Although it was a privilege to be born to a cop’s wife, not because it ensured you any safety amidst insurgency that had broken out in the early nineties, but you belonged to a gunman’s family, though on the other side of the divide in the society. My childhood passed at a time when the romance with the gun was at its peak. Looking at the father’s pictures on the wall, donned in the police uniform with a gun slinging on his shoulders would give me goose bumps. I would spend hours together imagining myself holding the same rifle someday and adding more pictures to that beautiful ‘wall of fame’  in our house. But with each passing day, unabated, I would unravel the harsh fronts of the life of an authorised gunman in my home.

   

I hardly remember my father spending time with his family for days together, but vividly do I recall my mother switching roles between Father and Mother for us, for years to pass. Seeing my father coming home on festivals like eid was equivalent to sighting another crescent. Unlike the one in the night sky, this one would appear right in our kitchen room-reconfirming that it was the eid next day. The travail didn’t end there only. During my father’s training days, I saw what element a woman is made of, though, I could hardly understand it then the whole. But as time passed by, so do I began to unwind the intricately woven threads of her ordeal. She would always make sure that we are nurtured and nourished like none other in the society, a princely upbringing, which every parent wishes to give to their children. Telephone calls from Father from a distant training centre in Udhampur would end with a long list of dos and don ts for mom to execute. ‘Do feed children well’, would be the core in the long and rambling to-do-list. Children of such lonely mothers like mine are witness to endless moans and sobs of theirs’ in the cold, dark pitch nights. A knock on the neighbour’s door after sundown would send us into a cuddle with steely nerve mom blanketing off the fear. The situation was no different when the insurgency erupted for the first time than now,  and as grim as it is today, unfolding itself in a completely new avatar. 

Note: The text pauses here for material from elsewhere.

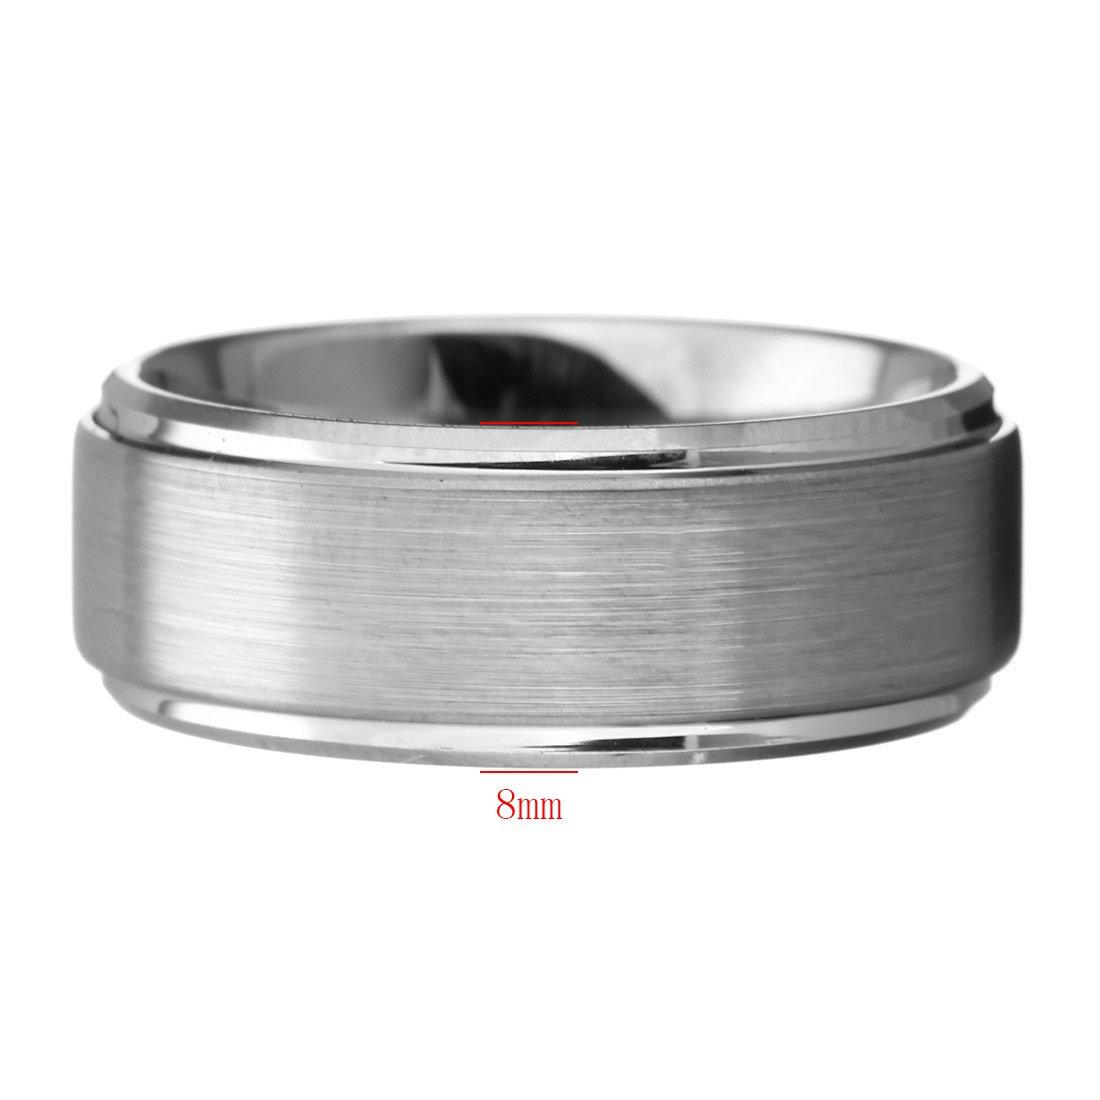 Para hombre anillo de tungsteno, carburo de tungsteno de boda banda anillo 8 mm: Amazon.es: Joyería

The very role of policing in Kashmir, a conflicted region throws immense and intense challenges at their face.  These challenges just multiply when you happen to be part of the same society. Your battles with the gun are equally as hard as the ones with mind and psyche. Be it the recent kidnapping game-  which seemed no less than an apt replica of some Bollywood movie from the 90s, or the weapon snatching bids, or the killing of SPOs for that matter, the fight has gone now well beyond the battlegrounds, trespassing all the safety lines of division in the Kashmiri society. I remember, on the day of mass kidnappings of the kins of Jammu and Kashmir policemen last month, I told my best friend to escort me to places, in the backdrop of the fear of meeting the same fate on any coming day. No matter which side you belong to in a conflict, you happen to bear the brunt of the rage that fans its flames. The worst part about it is that peace becomes virtual, a synonym to ceasing guns to roar, and the pain is perpetual, emanating from every corner, shrouded in different bandages, bearing eternal scars, transcending the divisions, and thus, engulfing the entire landscape.